# I'm Done Lurking...



## WeRdryNow (May 16, 2008)

I've been lurking on this site for quite a while and finally decided to get with the program...mainly because the topic of one of my favorite campgrounds (Mossyrock, Wa) came up and I wanted to be able to provide my .02.

Like many others on this site as our family grew, we went from a tent, to a Coleman tent trailer, and graduated to the Outback in 2006 mostly due to the fact that out Pacific NW trips tended to be a bit soggy...and we've had no regrets!

One of the things that attracted me to this website is knowing that there are others out there that are as passionate about camping as we are...sometimes that doesn't translate well when speaking to friends and family that are non-campers so its nice to be able to relate to you all.

Thanks,
Cindy


----------



## skippershe (May 22, 2006)

Hi WeRdryNow









Welcome to Outbackers! 

Glad you decided to join us! 
What model Outback do you have??

Be sure to check out the many upcoming PNW rallies...They are a great way to meet some really great fellow Outbackers


----------



## Oregon_Camper (Sep 13, 2004)

Welcome...Welcome...Welcome.

Glad you found us.









Very nice adding another PNW camper!


----------



## Ridgway-Rangers (Apr 18, 2008)

WeRdryNow ? Let me get this right....you are from Washington...Northern Washington....I'v been there







...What part of you is Dry Now? 
Just kidding, beautiful country and I am jealous. Thanks for chimeing in.
You will notice some of the members are a little push about photos and the sort. Just ignore them. By the way, do you have any photos to share?








Thanks,
Brian


----------



## LarryTheOutback (Jun 15, 2005)

Ridgway-Rangers said:


> Northern Washington


Vancouver, Washington, USA is in Southern Washington ... right next to Portland Oregon.

Vancouver, British Columbia, Canada is just north of Washington.

Welcome to Outbackers WRdryNow.

Ed


----------



## mswalt (Sep 14, 2004)

Cindy,

Welcome to our forum. (Even if you are another Left Coaster







).

Enjoy.

Mark


----------



## jasonrebecca (Oct 30, 2007)

Welcome from one PNW Outbacker to another.


----------



## OregonCampin (Mar 9, 2007)

Welcome from another PNW family!

My big brother lives in Vancouver... and he is an Outback owner as well. He is not on this forum.... something about 3 kids, full time job, not enough time!
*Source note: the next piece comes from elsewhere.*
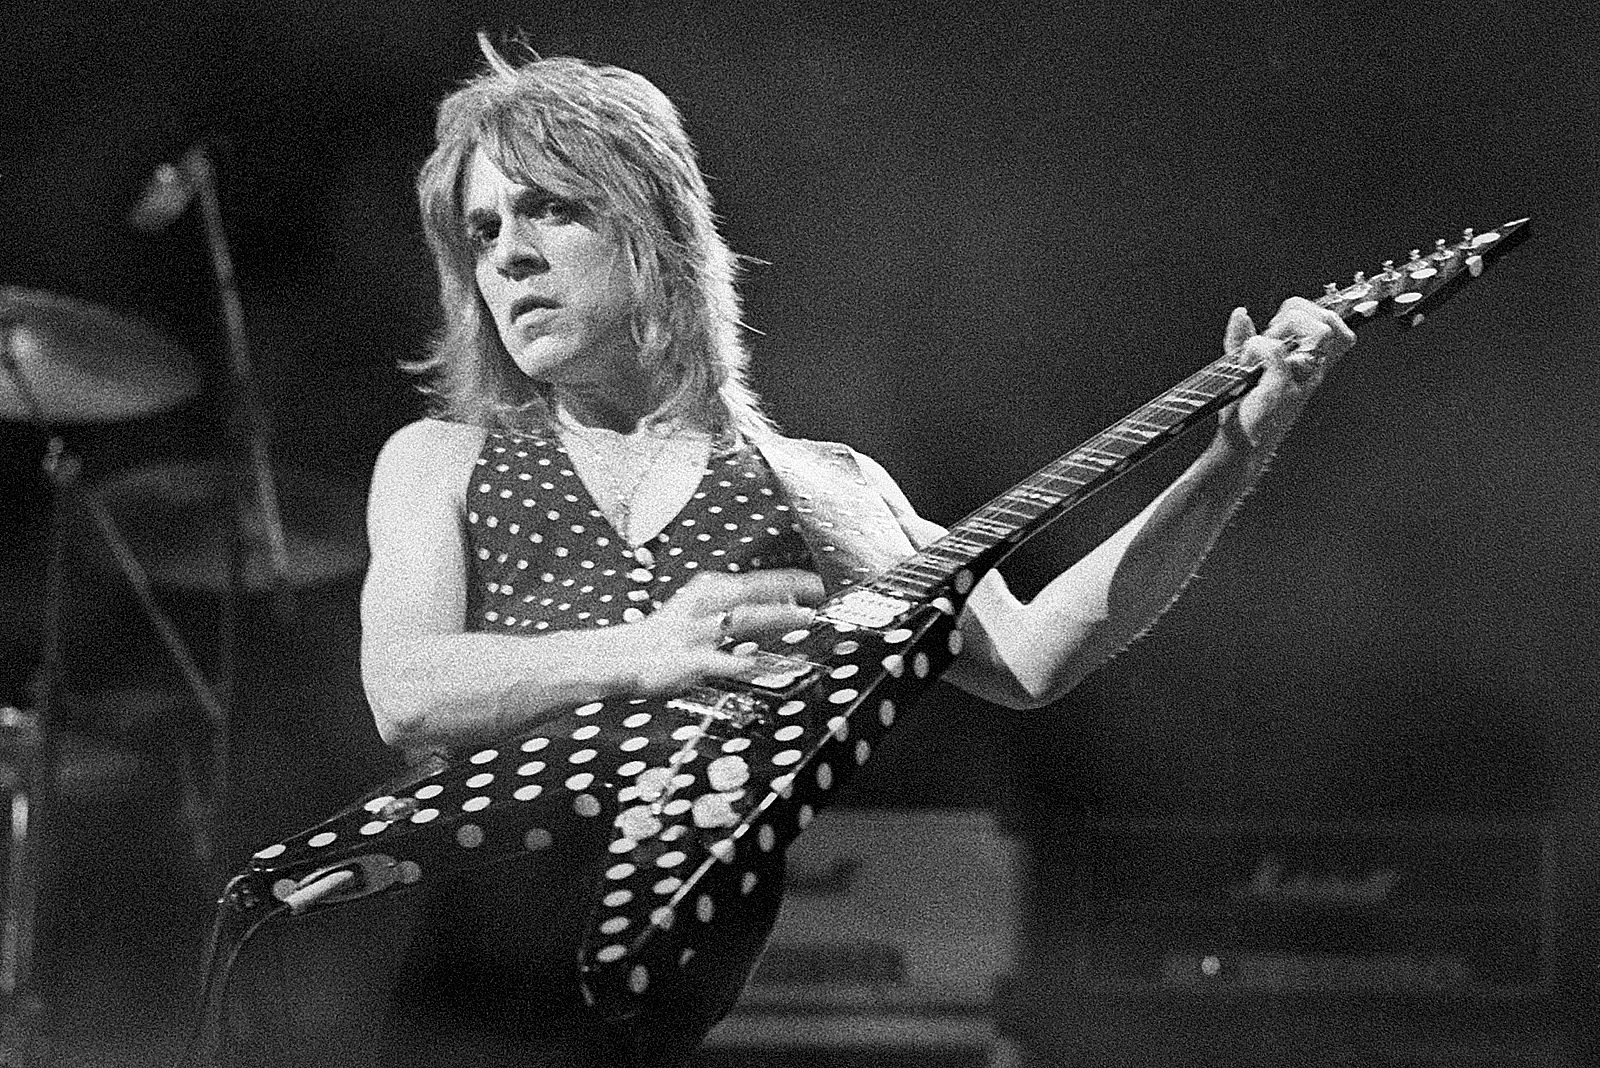 Randy Rhoads Receives Rock Hall Musical Excellence

Glad to have you! See ya down the road!

Shannon


----------



## jozway (Jan 28, 2008)

We too love mossyrock park. We will be there memorial weekend. Maybe we will see you there.
Joe


----------



## WeRdryNow (May 16, 2008)

jozway said:


> We too love mossyrock park. We will be there memorial weekend. Maybe we will see you there.
> Joe


We'll be there Memorial Day...#30. See you there!


----------



## WeRdryNow (May 16, 2008)

Ridgway-Rangers said:


> WeRdryNow ? Let me get this right....you are from Washington...Northern Washington....I'v been there
> 
> 
> 
> ...


We are dry now in the luxury of the Sydney Outback 31RQS...spoiled, yes...love it, yes! Camping in the PNW can be damp at times and we got tired of setting up camp twice - once to camp and again to dry out when we got home.
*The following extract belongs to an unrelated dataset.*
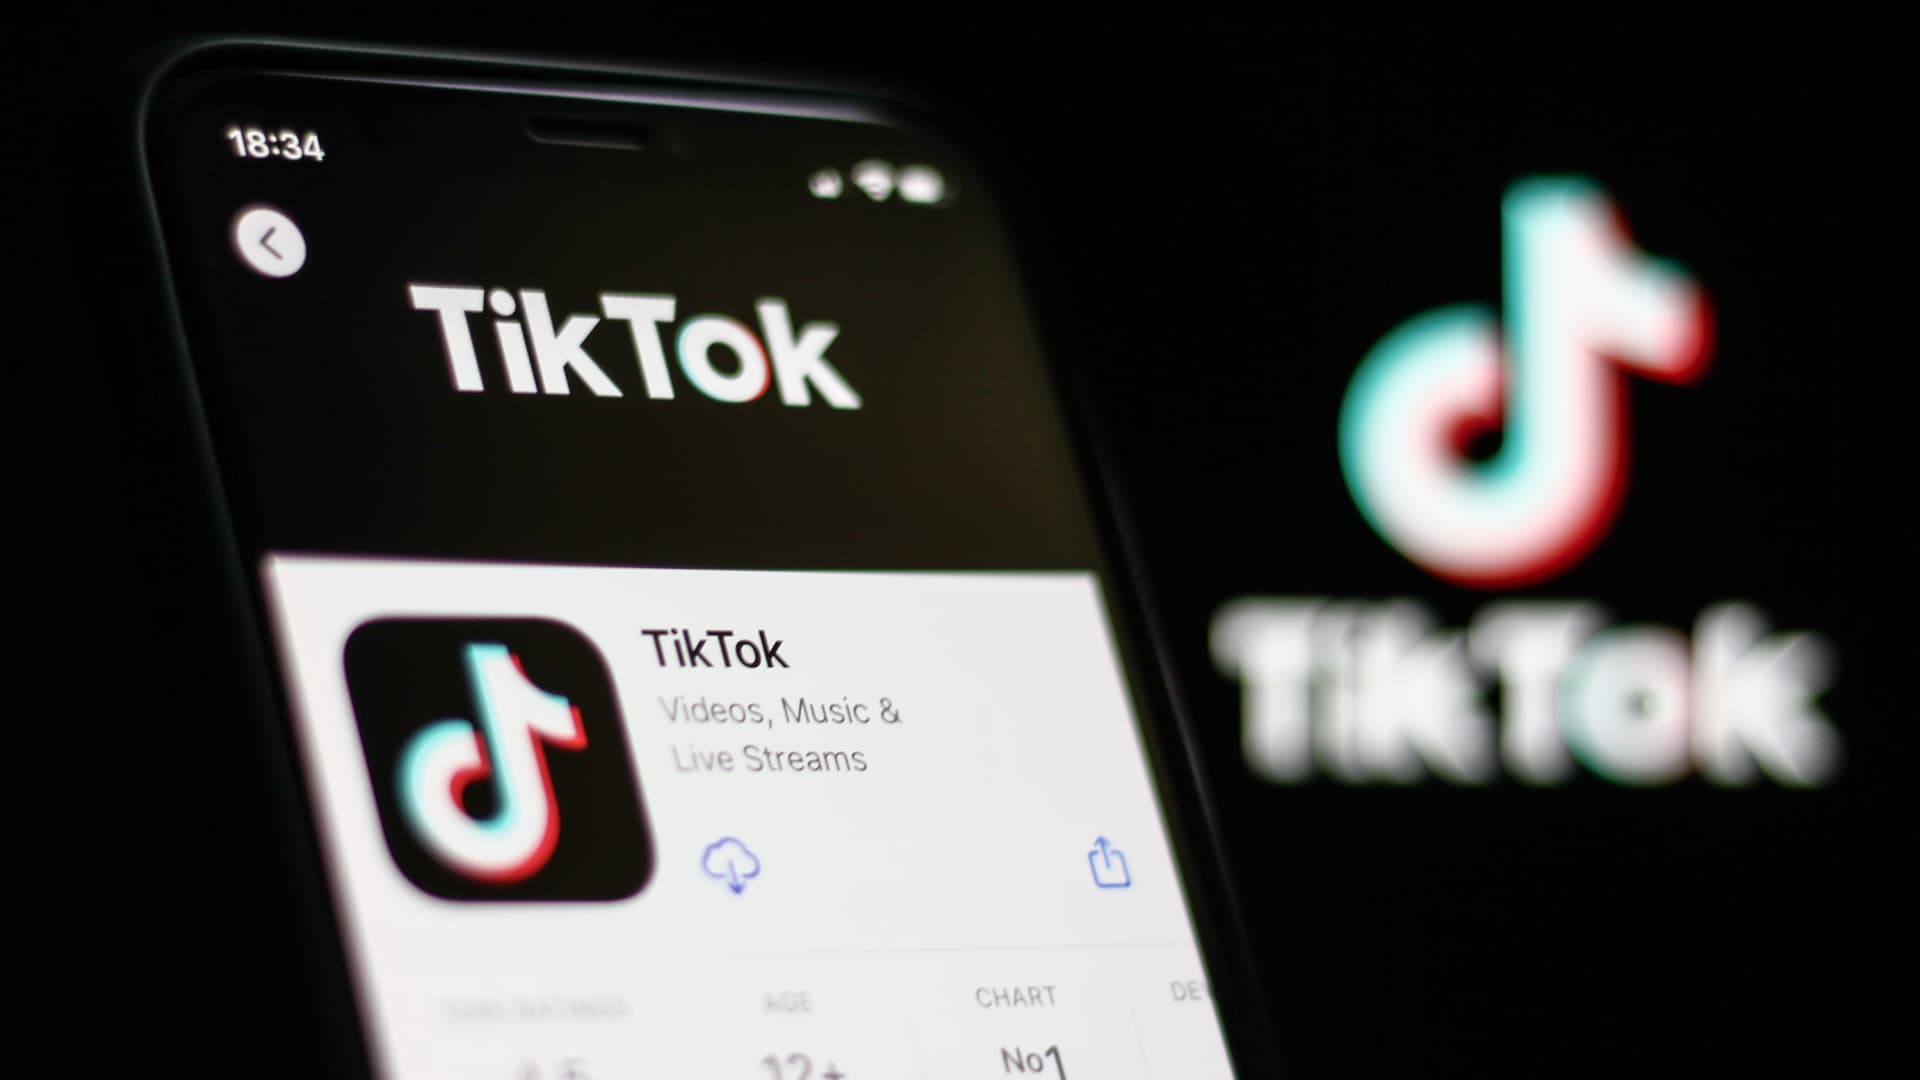 TikTok's online marketplace for the US could launch in August

We are in Southern Washington, just over the border from Portland. We've camped all throughout Oregon and Washington and will be headed on our longest journey yet this summer to the Tetons & Yellowstone.

I'll post pictures...sometime when I figure that part out.


----------



## Oregon_Camper (Sep 13, 2004)

OREGONCAMPIN said:


> Welcome from another PNW family!
> 
> My big brother lives in Vancouver... and he is an Outback owner as well. He is not on this forum.... something about 3 kids, full time job, not enough time!
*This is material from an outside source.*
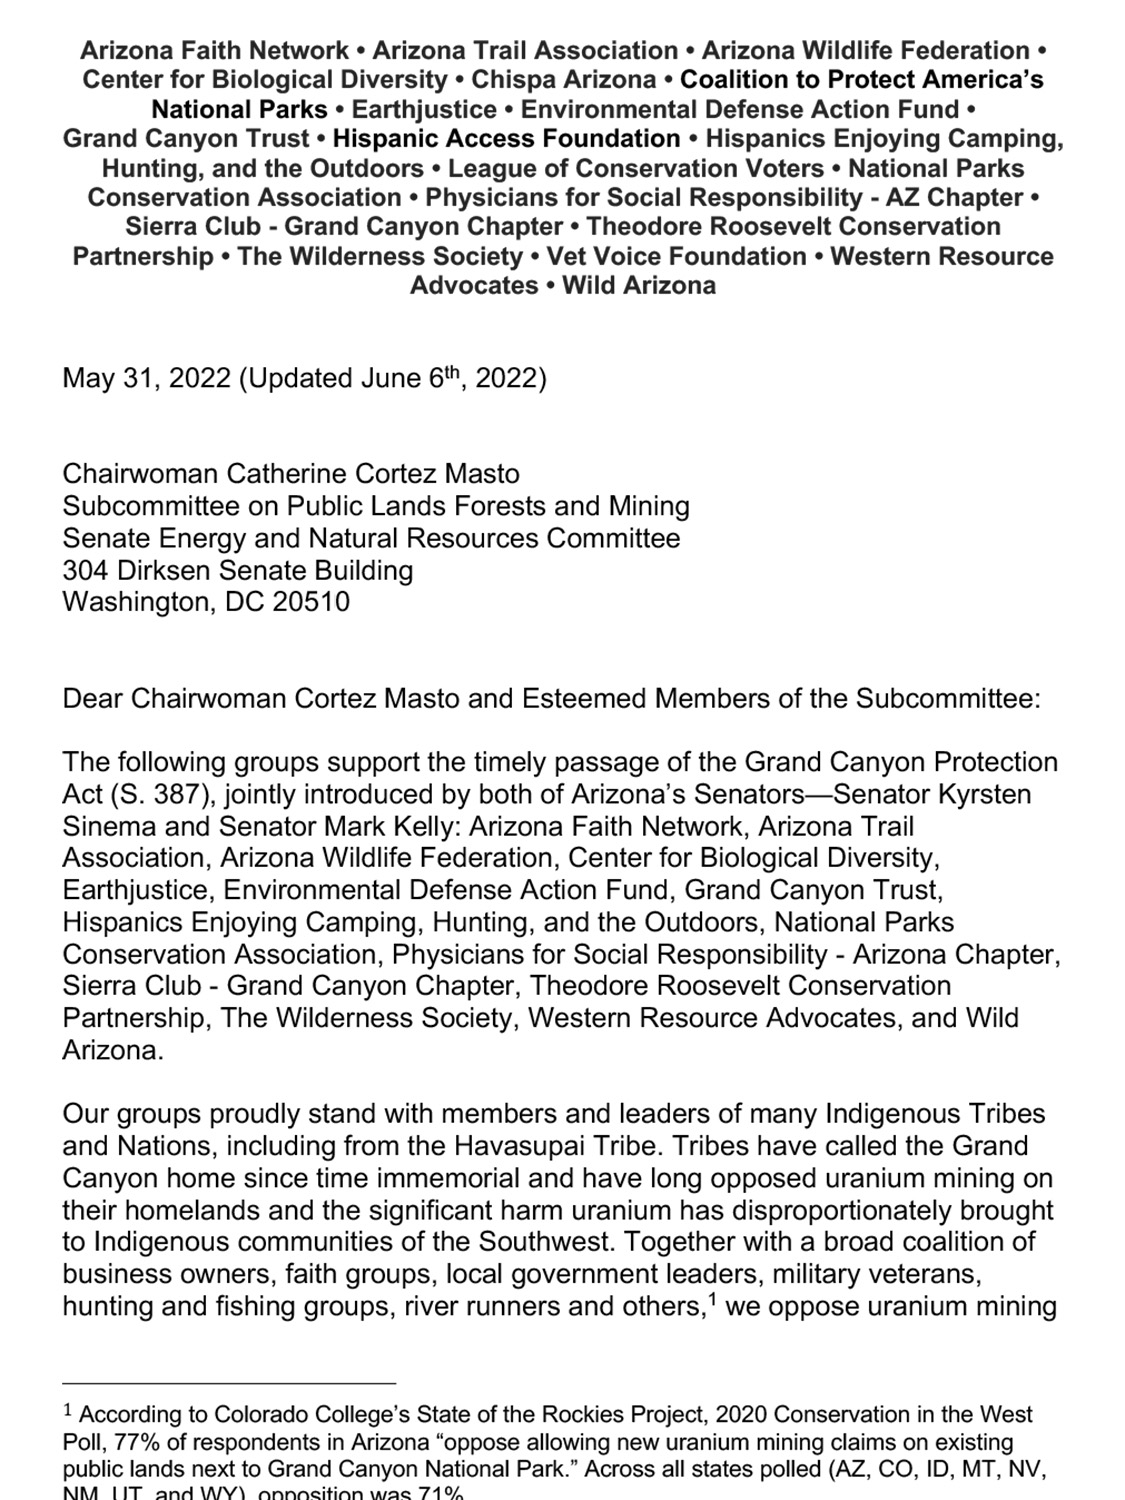 Coalition letter of support for the Grand Canyon Protection Act

Ah phooey....get him on here!!


----------



## Scoutr2 (Aug 21, 2006)

Oregon_Camper said:


> Welcome from another PNW family!
> 
> My big brother lives in Vancouver... and he is an Outback owner as well. He is not on this forum.... something about 3 kids, full time job, not enough time!


Ah phooey....get him on here!!















[/quote]

X2. Once he starts reading, he'll start posting! There's just too much good information and too many friendly folks here to avoid getting hooked. This place is a kind of "cure-all" that is certainly addictive. But in this case, that's a good thing!









Mike


----------



## California Jim (Dec 11, 2003)

We Are Dry Now







Love it.

Welcome.


----------



## hpapa4 (Apr 11, 2007)

Please accept a hardy Outbackers welcome to the group.


----------



## bradnjess (Mar 25, 2007)

Welcome from over here on the east coast. Its amazing how a few "soggy" camping trips can speed up the the travel trailer upgrade. Glad you're here.

Brad


----------